# SIESTA wrapper

SIESTA is a localized-orbital DFT code, available at: https://departments.icmab.es/leem/siesta/ It can be used in conjunction with BerkeleyGW, especially to generate unoccupied states with the SAPO utility.

Warning

Make sure you understand when you can use localized basis sets for GW calculations. When if doubt, use a more well-tested and validated wrapper based on Quantum ESPRESSO, PARATEC, or Abinit.

`siesta2bgw.x`

An example `siesta2bgw.x`

calculation is provided in `examples/DFT/benzene`

.
Please see this example for usage and example siesta and denchar input
files.

The SIESTA wrapper reads lattice vectors, atomic species and
positions from `SystemLabel.XV`

file, k-points from `SystemLabel.KP`

file, eigenvalues from `SystemLabel.EIG`

file, wavefunctions in R-space
from `SystemLabel{.K$k}.WF$n{.UP|.DOWN}{.REAL|.IMAG}.cube`

file, symmetry
group, kinetic energy cutoffs for wavefunctions and charge density,
k-grid dimensions and offsets from the input file, generates reciprocal
lattice vectors, rotation matrices, fractional translations, FFT grid and
G-vectors, performs FFT from R-space to G-space, and writes the selected
range of bands to the output WFN file. Make sure to set up the real
space grid in `SIESTA/DENCHAR`

utility same as FFT grid. If the two grids
differ the SIESTA wrapper will return an error. The output WFN file
can be used as an auxiliary wavefunction for the SAPO code.
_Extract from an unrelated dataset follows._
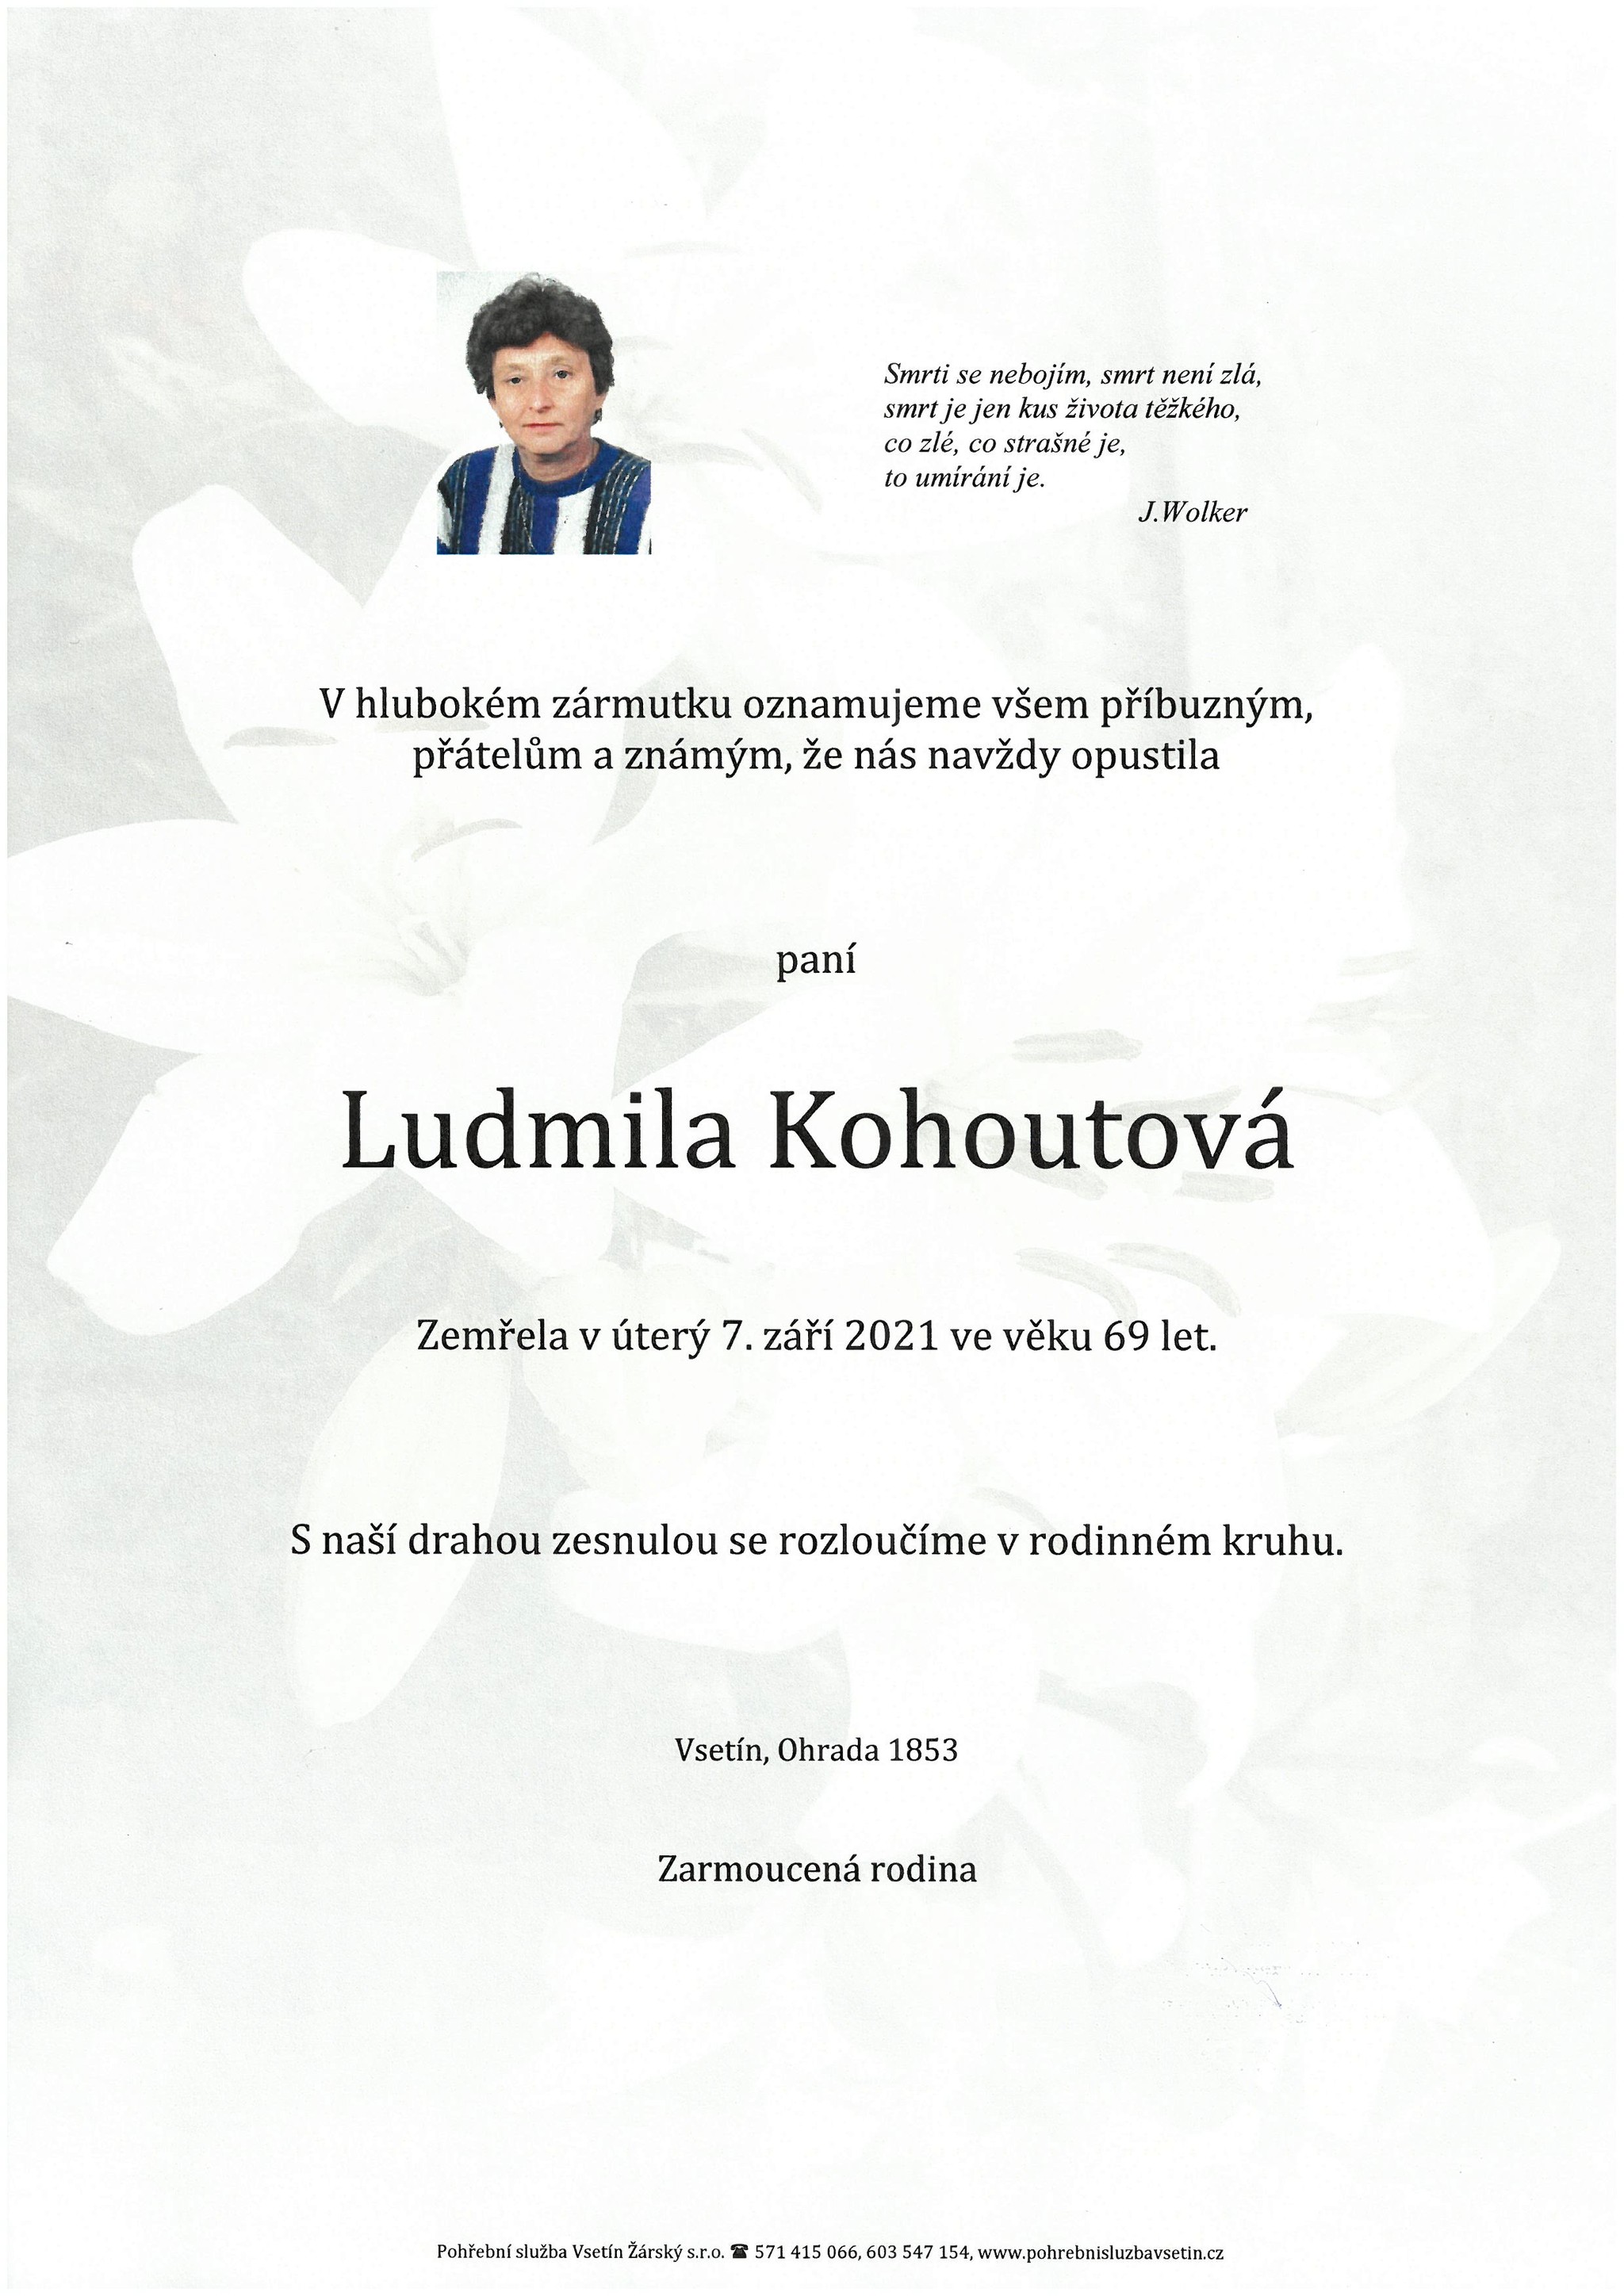 Ludmila Kohoutová

A full GW/BSE calculation with SIESTA wavefunctions also requires RHO and
`VXC`

files. These files can be generated from `SystemLabel.RHO{.UP|.DN}.cube`

,
`SystemLabel.VT{.UP|.DN}.cube`

and `SystemLabel.VH.cube`

files obtained with
`SIESTA/GRID2CUBE`

utility on SIESTA real space grid. Make sure SIESTA real
space grid is equivalent to FFT grid by setting parameter `MeshCutoff`

in SIESTA input file same as kinetic energy cutoff for charge density.

Input is read from file `siesta2bgw.inp`

:

```
&input_siesta2bgw
systemlabel = 'ammonia'
wfng_output_file = 'wfng.lo'
rhog_output_file = ''
vxcg_output_file = ''
ecutwfn = 60.0
ecutrho = 240.0
wfng_nk1 = 1
wfng_nk2 = 1
wfng_nk3 = 1
wfng_dk1 = 0.0
wfng_dk2 = 0.0
wfng_dk3 = 0.0
wfng_ref_flag = .true.
wfng_ref_kpoint = 1
wfng_ref_spin = 1
wfng_ref_band = 4
wfng_ref_energy = -5.87
wfng_band_flag = .true.
wfng_band_min = 5
wfng_band_max = 28
wfng_energy_flag = .false.
wfng_energy_min = 0.0
wfng_energy_max = 0.0
wfng_gamma_real = .true.
/
```

Here, lattice vectors, k-points, eigenvalues and wavefunctions in R-space
are read from `ammonia.XV`

, `ammonia.KP`

, `ammonia.EIG`

and `ammonia.WF$n.cube`

files, respectively. The kinetic-energy cutoffs for
wavefunction and charge density are set to 60 and 240 Ry, respectively.
The k-grid is set to the Gamma-point. The SIESTA eigenvalues are shifted
in energy so that the HOMO state (1st k-point, 1st spin, 4th band) appears
at -5.87 eV. The real parts of resonant SIESTA wavefunctions (from 5th to
28th band) are read from Gaussian Cube files and the imaginary parts are
set to zero (`wfng_gamma_real`

), the wavefunctions are brought from R-space
to G-space and written to `wfng.lo`

file. The SIESTA charge density and
exchange-correlation potential files are not generated.